GIVEN DATA:

= = = = = = =

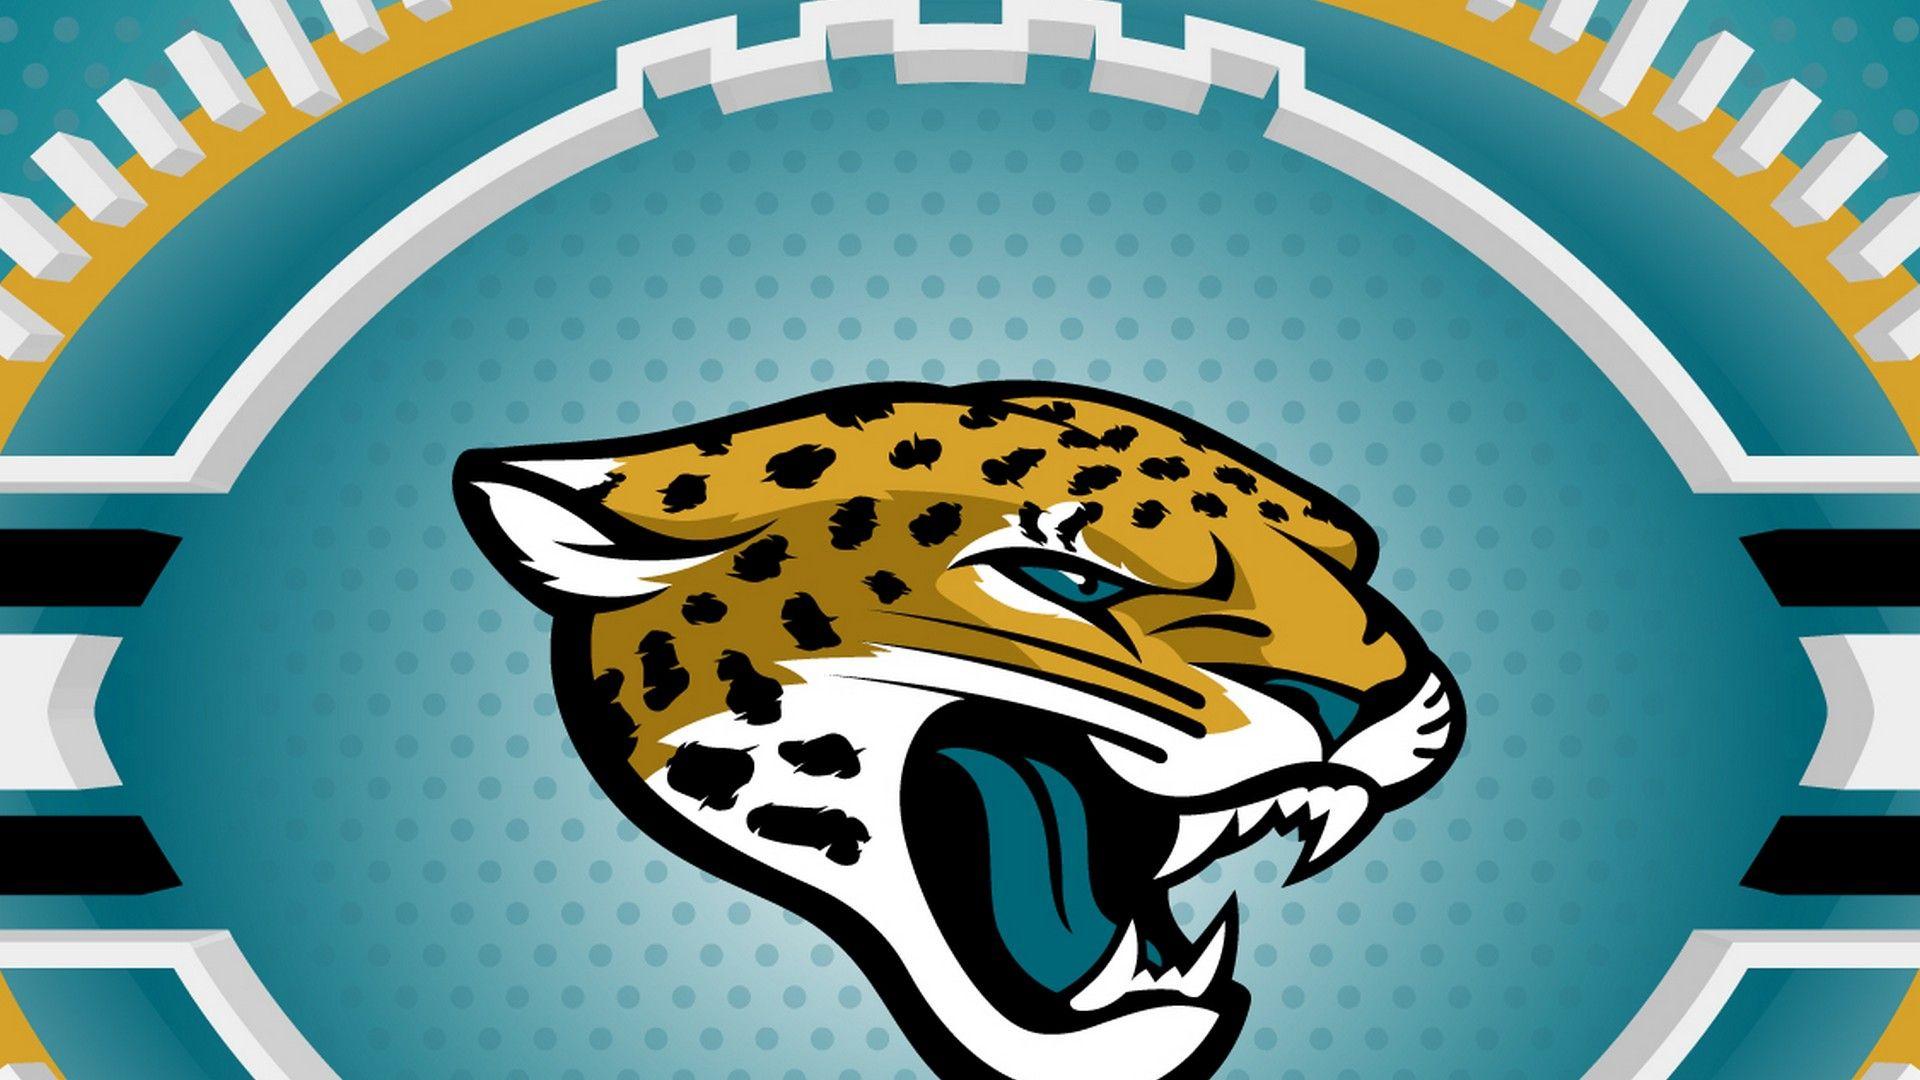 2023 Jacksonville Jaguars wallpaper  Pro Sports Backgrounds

= = = = = = =

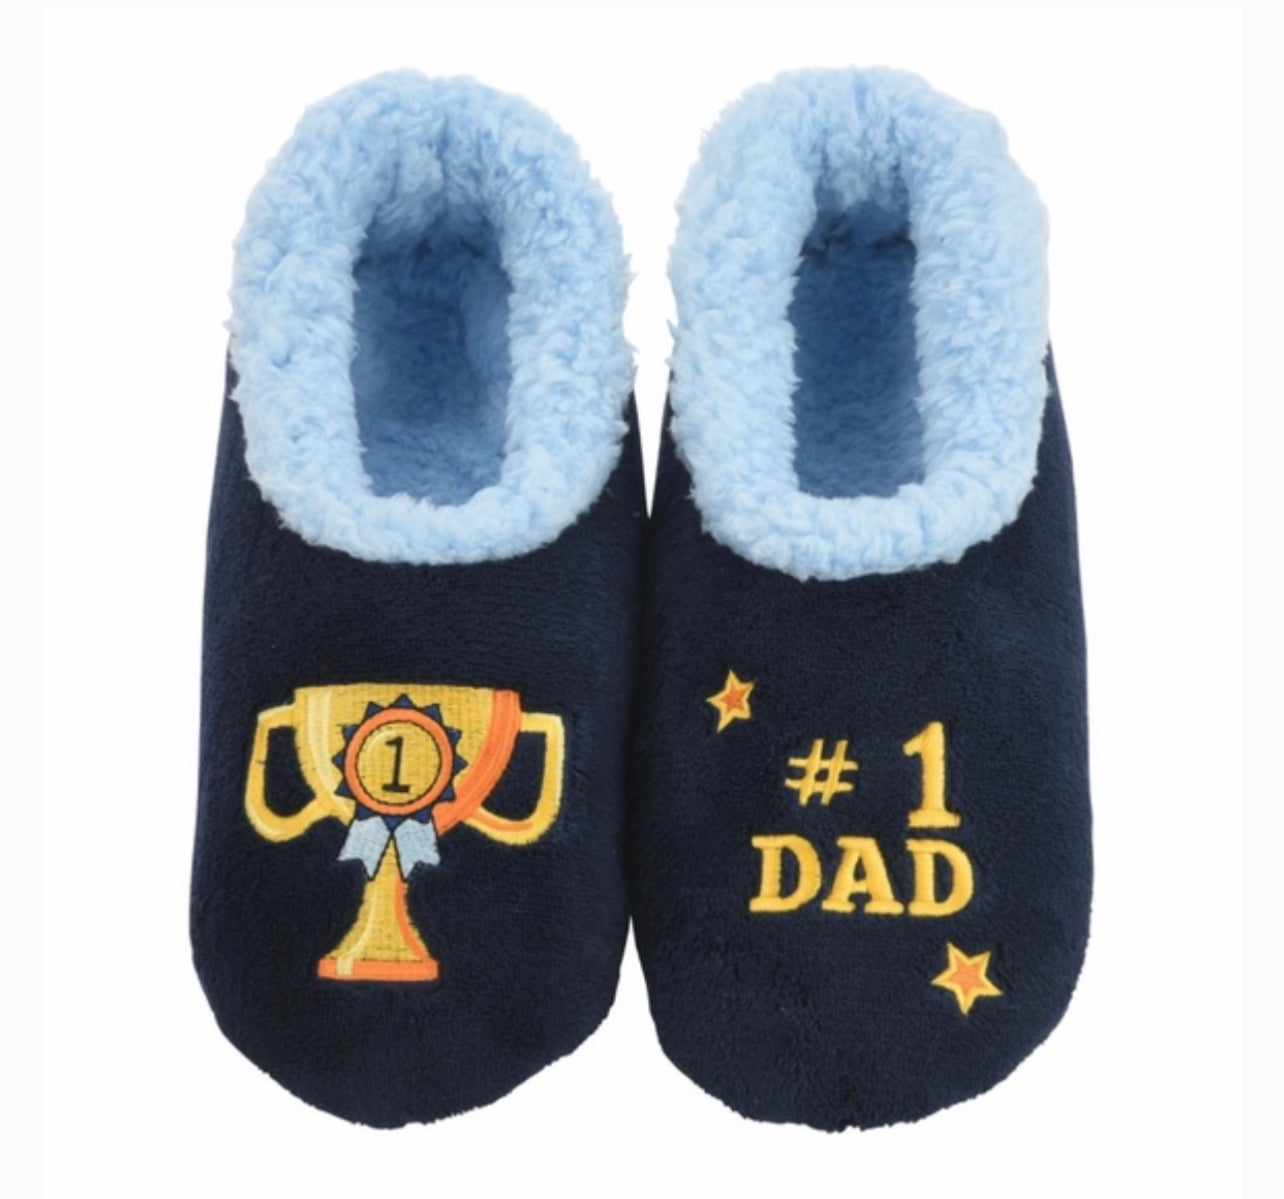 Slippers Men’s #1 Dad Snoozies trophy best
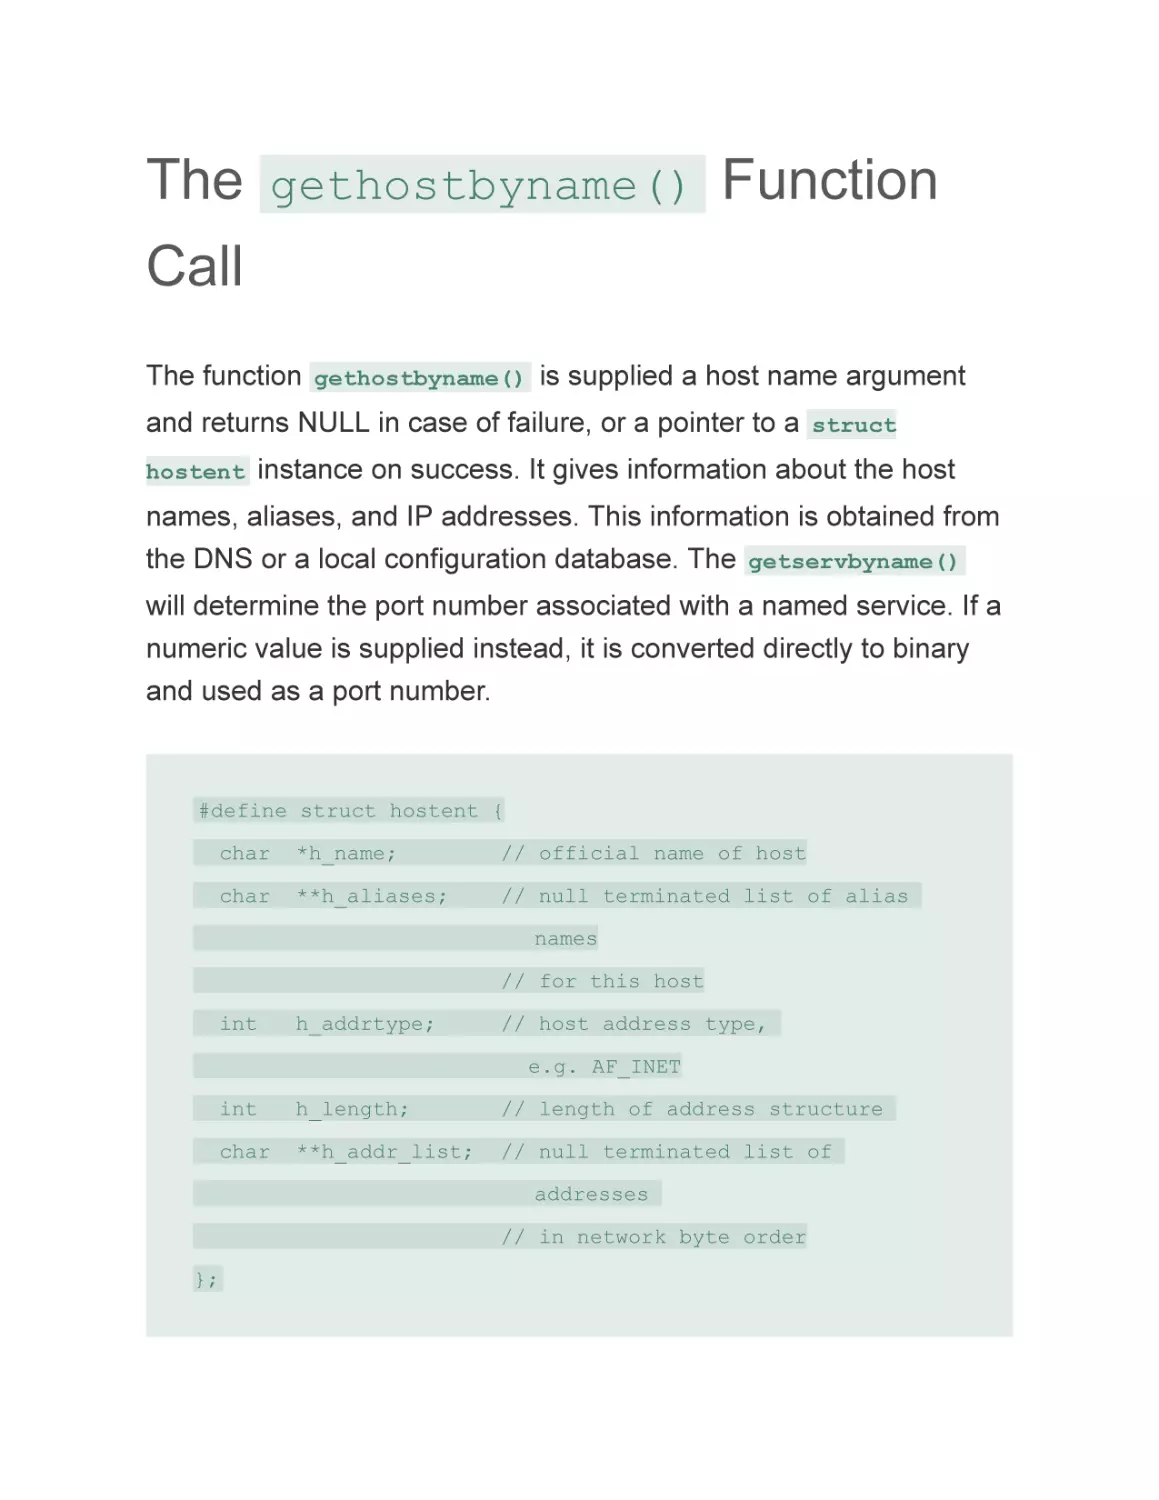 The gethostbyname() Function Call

= = = = = = =

INSTRUCTIONS FOR THE TASK: What is needed is an exact copy of the lines above from the one with "Slippers Men’s #1 Dad Snoozies trophy best" to the one with "The gethostbyname() Function Call", both ends kept, and nothing more; please leave the pictures out.

EXERCISE SOLUTION:
 Slippers Men’s #1 Dad Snoozies trophy best
 The gethostbyname() Function Call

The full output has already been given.